Ya Rasûlallah! Senin Vasıflarına Nihayet Yoktur
16. yüzyıl dîvân şairlerinden Balıkesirli Zâtî, II. Bayezid, II. Selim ve Kanuni Sultan Süleyman tarafından takdir ve taltif edilmiş bir şairdir. Şiirlerinde rindâne meşrebi ön plana çıkan Zâtî, tezkire müelliflerinin çoğu tarafından övgü ile anılmıştır. Düzenli bir eğitim almamasına rağmen şiirde kendini yetiştirmiş ve şiirlerinde sade bir dili tercih etmiştir. Bir müddet baba mesleği olan çizmecilikle geçimini sağlayan Zâtî, bilahare Beyazıt Camii yanında kiraladığı dükkânda reml ve vefk faaliyetleri ile iştigal etmiştir.1 Bu dükkân Zâtî’nin süreklilik arz eden şiir sohbetleri ile adeta dönemin yeni yetme şairlerinin uğrak yeri ve edebiyat mektebi haline gelmiştir.
Zâtî’nin bilinen dört eseri Dîvân, Şem ü Pervâne, Letâif ve Edirne Şehrengizi’dir.2 Şiirlerinde Farsça terkiplere ve mülemmâlara 3 ,âyet iktibasları ve telmihlere rastlanması, onun dil yetkinliğine ve Kur’ân-ı Kerîm’e vukûfiyetine işaret etmektedir. Ayrıca sıklıkla kullandığı hüsn-i ta‘lîller, Peygamber Efendimiz’e (sav) duyduğu derin muhabbetin, hayal ve duygu dünyasını nasıl şekillendirdiğini göstermektedir.

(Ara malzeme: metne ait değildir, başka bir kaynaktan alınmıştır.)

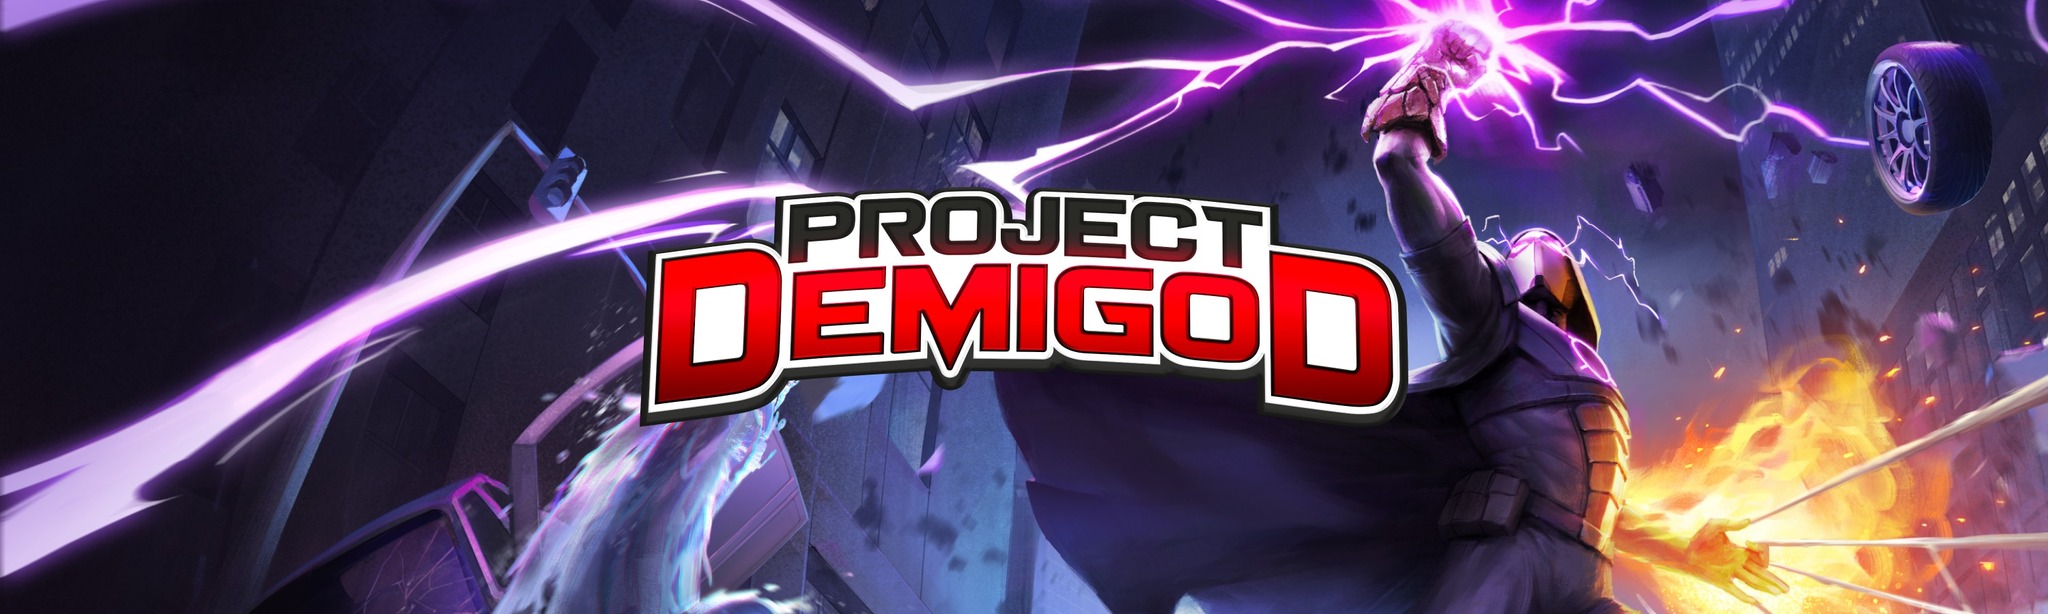 Ready go to ... https://sidequestvr.com/app/7586/project-demigod-demo [ Project Demigod - Demo on SideQuest - Oculus Quest Games & Apps including AppLab Games ( Oculus App Lab )]

Na‘t-ı şeriflerinin muhtevası, Resûl-i Ekrem’in yaratılıştaki konumu, hissî mucizeler ve özellikle şefkati etrafında halelenmektedir. Klasik divan tertibine uygun olarak eserine tevhidlerle başlayan şair, akabinde bir münacât ve dört ayrı na‘t-ı şerîfe yer verir.4 Ayrıca tercî‘-i bendler arasında yedi na‘t-ı şerif bulunmaktadır.5 Bu şiirlerden seçilen bazı beyitler, kısa açıklamalarla konu edilecektir.
"Cûş edip deryâ-yı aşkullâh-ı Rabbü’l-âlemîn
Bir güher halk eyledi kim sâd hezerân âferîn"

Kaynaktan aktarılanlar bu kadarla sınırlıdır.